You are viewing a plain text version of this content. The canonical link for it is here.
Posted to common-user@hadoop.apache.org by Sean Shanny <ss...@tripadvisor.com> on 2008/12/25 06:10:21 UTC
Having trouble accessing MapFiles in the DistributedCache
To all,
Version: hadoop-0.17.2.1-core.jar
I created a MapFile on a local node.
I put the files into the HDFS using the following commands:
$ bin/hadoop fs -copyFromLocal /tmp/ur/data /2008-12-19/url/data
$ bin/hadoop fs -copyFromLocal /tmp/ur/index /2008-12-19/url/index
and placed them in the DistributedCache using the following calls in
the JobConf class:
DistributedCache.addCacheFile(new URI("/2008-12-19/url/data"), conf);
DistributedCache.addCacheFile(new URI("/2008-12-19/url/index"), conf);
What I cannot figure out how to do is actually access the MapFile now
within my Map code. I tried the following but I am getting file not
found errors when I try to run the job.
private FileSystem fs;
private MapFile.Reader myReader;
private Path[] localFiles;
....
public void configure(JobConf conf)
{
String[] s = conf.getStrings("map.input.file");
m_sFileName = s[0];
try
{
localFiles = DistributedCache.getLocalCacheFiles(conf);
for (Path localFile : localFiles)
{
String sFileName = localFile.getName();
if (sFileName.equalsIgnoreCase("data"))
{
System.out.println("Full Path: " +
localFile.toString());
System.out.println("Parent: " +
localFile.getParent().toString());
fs = FileSystem.get(localFile.toUri(), conf);
myReader = new MapFile.Reader(fs,
localFile.getParent().toString(), conf);
}
}
}
catch (IOException e)
{
// TODO Auto-generated catch block
e.printStackTrace();
}
The following exception is thrown and I cannot figure out why it is
adding the extra data element at the end of the path.
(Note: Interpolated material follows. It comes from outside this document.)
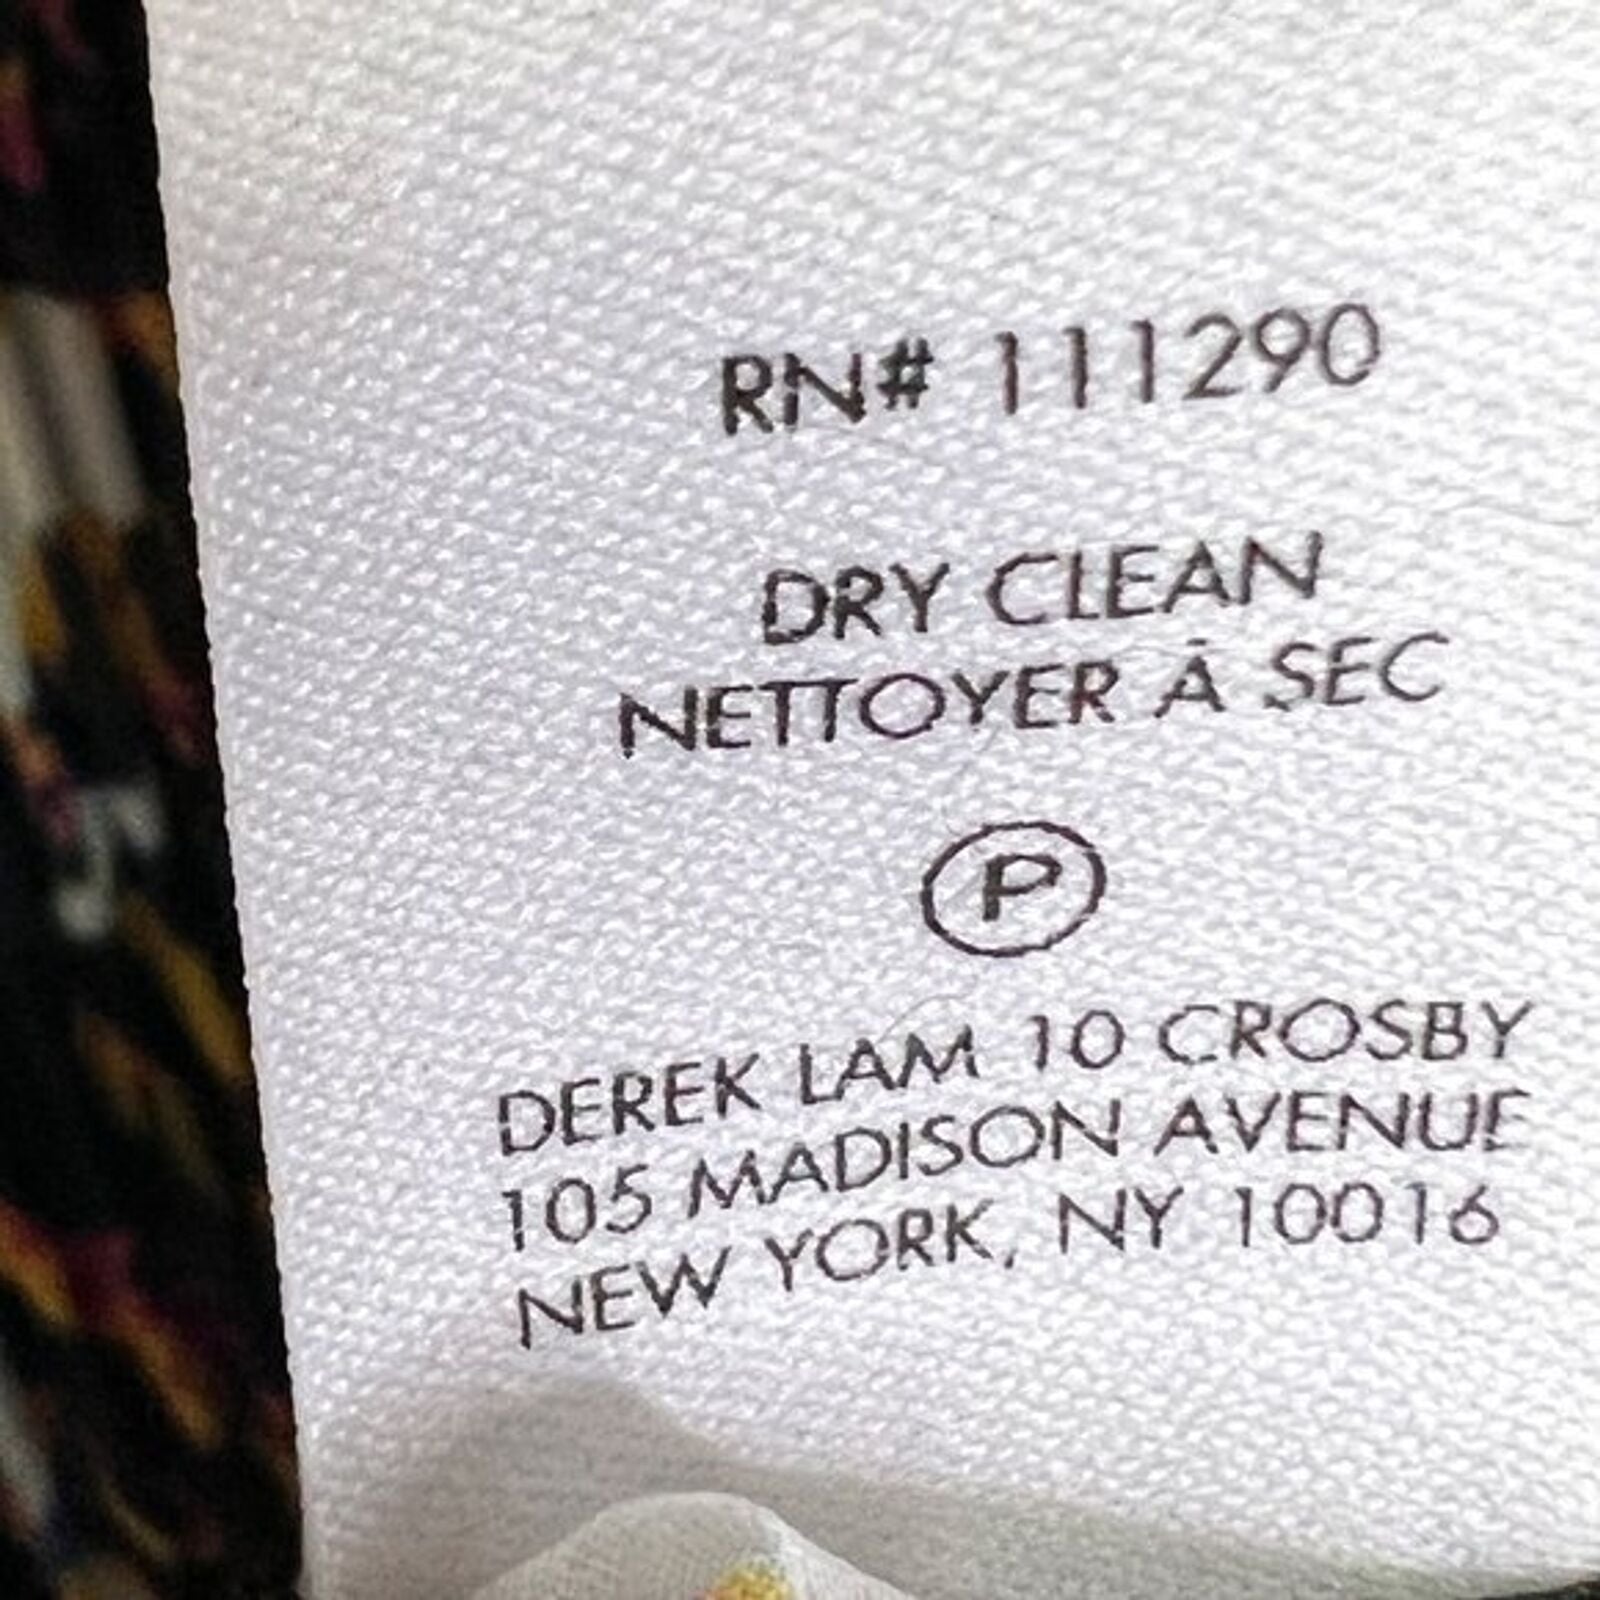 Derek Lam 10 Crosby Helena Pleated Tassel Tie Blouse Size 0

The data is
actually at
Task Logs: 'task_200812250002_0001_m_000000_0'
stdout logs
Full Path: /tmp/hadoop-root/mapred/local/taskTracker/archive/hdp01n/
2008-12-19/url/data/data
Parent: /tmp/hadoop-root/mapred/local/taskTracker/archive/hdp01n/
2008-12-19/url/data
stderr logs
java.io.FileNotFoundException: File does not exist: /tmp/hadoop-root/
mapred/local/taskTracker/archive/hdp01n/2008-12-19/url/data/data at
org
.apache
.hadoop
.dfs.DistributedFileSystem.getFileStatus(DistributedFileSystem.java:
369) at org.apache.hadoop.fs.FileSystem.getLength(FileSystem.java:628)
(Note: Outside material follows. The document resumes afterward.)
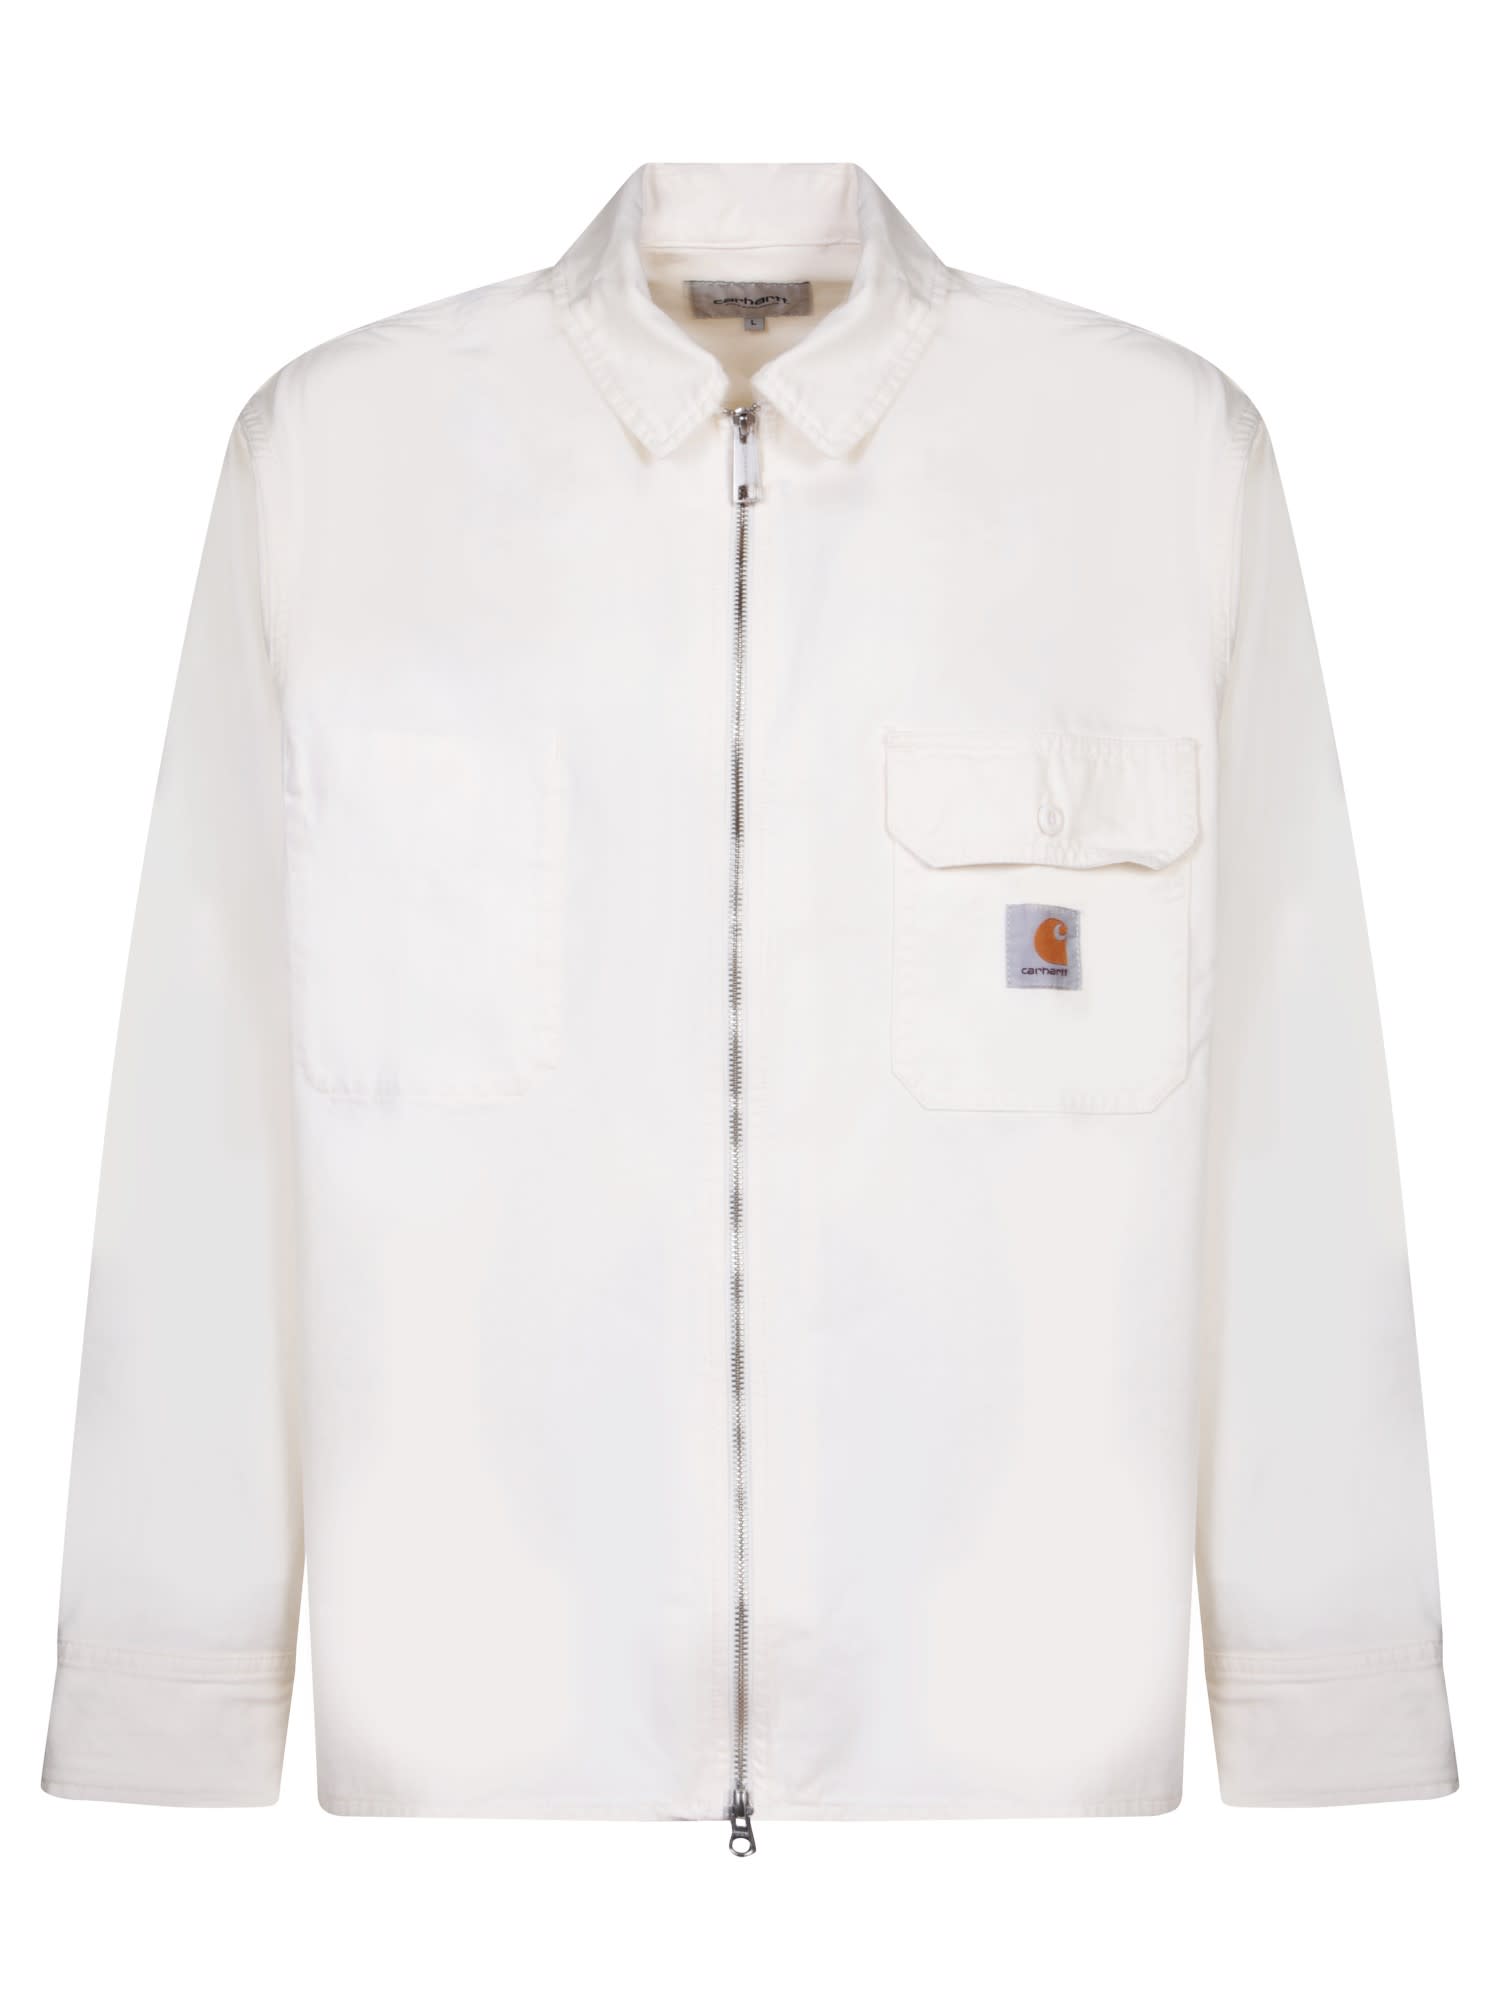 Shop Carhartt Rainer White Shirt

at org.apache.hadoop.io.SequenceFile$Reader.<init>(SequenceFile.java:
1431) at org.apache.hadoop.io.SequenceFile
$Reader.<init>(SequenceFile.java:1426) at org.apache.hadoop.io.MapFile
$Reader.createDataFileReader(MapFile.java:301) at
org.apache.hadoop.io.MapFile$Reader.open(MapFile.java:283) at
org.apache.hadoop.io.MapFile$Reader.<init>(MapFile.java:272) at
org.apache.hadoop.io.MapFile$Reader.<init>(MapFile.java:259) at
org.apache.hadoop.io.MapFile$Reader.<init>(MapFile.java:252) at
com
.TripResearch
.warehouse.etl.EtlTestUrlMapLookup.configure(EtlTestUrlMapLookup.java:
84) at
org.apache.hadoop.util.ReflectionUtils.setConf(ReflectionUtils.java:
58) at
org
.apache.hadoop.util.ReflectionUtils.newInstance(ReflectionUtils.java:
82) at org.apache.hadoop.mapred.MapRunner.configure(MapRunner.java:33)
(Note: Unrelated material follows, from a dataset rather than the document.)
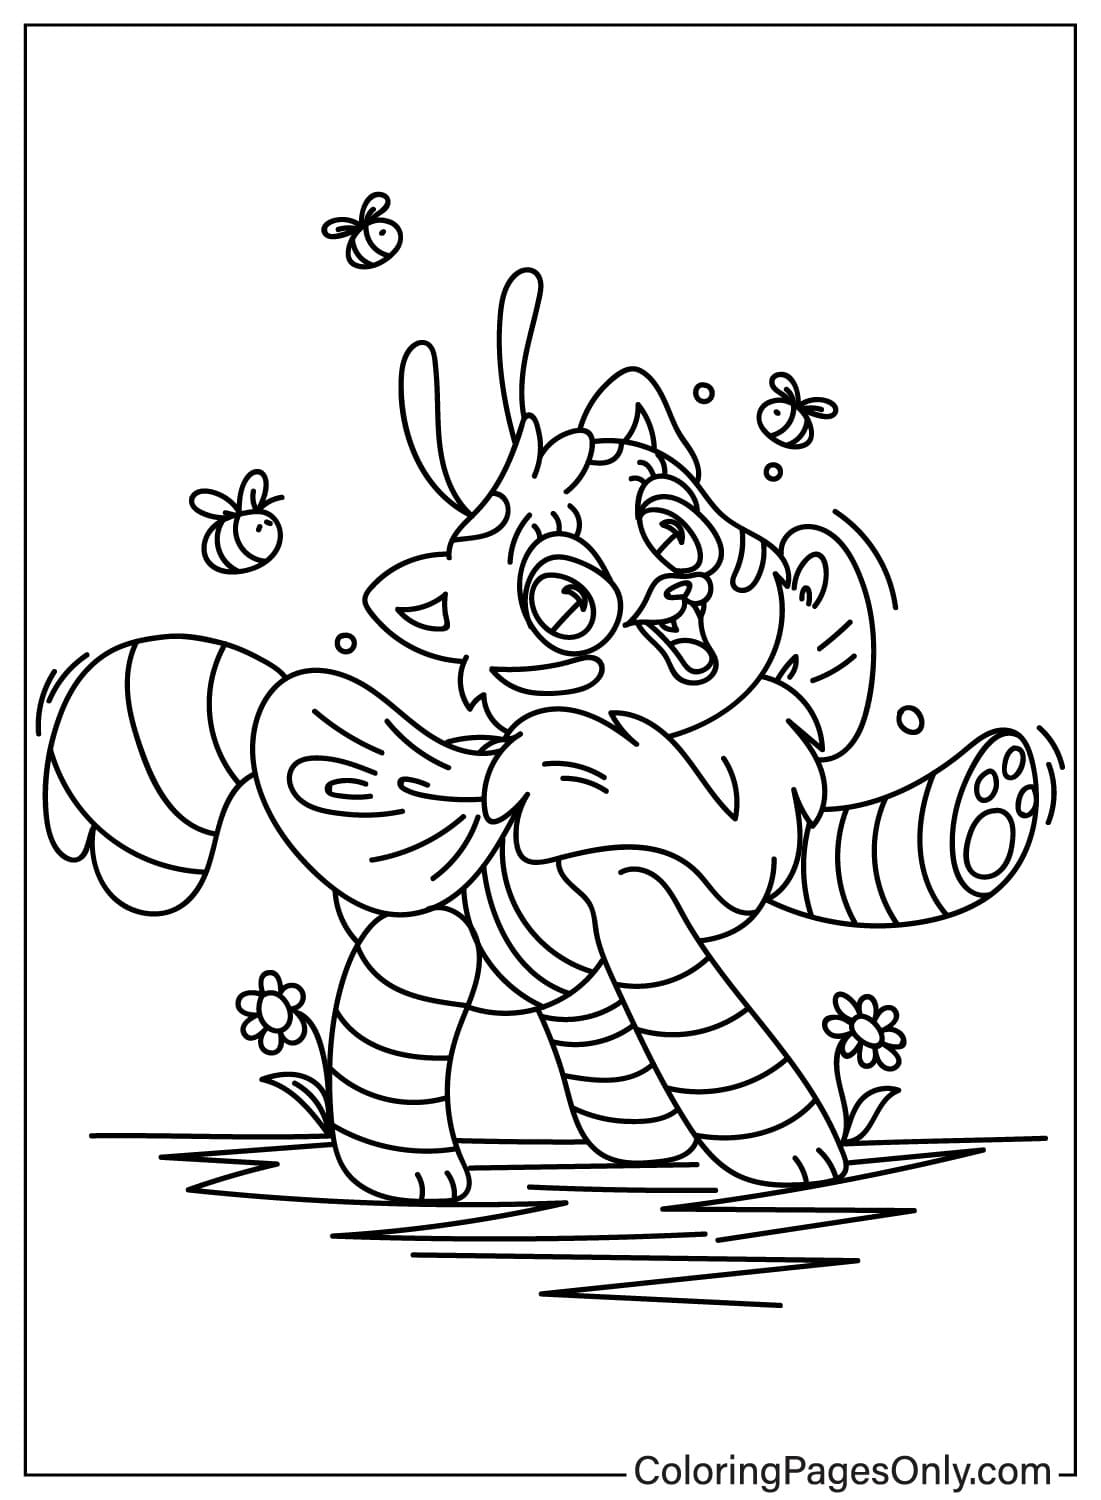 Página para colorear de abeja gato de Poppy Playtime

at org.apache.hadoop.util.ReflectionUtils.setConf(ReflectionUtils.java:
58) at
org
.apache.hadoop.util.ReflectionUtils.newInstance(ReflectionUtils.java:
82) at org.apache.hadoop.mapred.MapTask.run(MapTask.java:215) at
org.apache.hadoop.mapred.TaskTracker$Child.main(TaskTracker.java:2122)
The files do exist but I don't understand why they were placed in
their own directories. I would have expected both files to exist at /
2008-12-19/url/ not /2008-12-19/url/data/ and /2008-12-19/url/index/
ls -la /tmp/hadoop-root/mapred/local/taskTracker/archive/hdp01n/
2008-12-19/url/data
total 740640
drwxr-xr-x 2 root root 4096 Dec 24 23:49 .
drwxr-xr-x 4 root root 4096 Dec 24 23:49 ..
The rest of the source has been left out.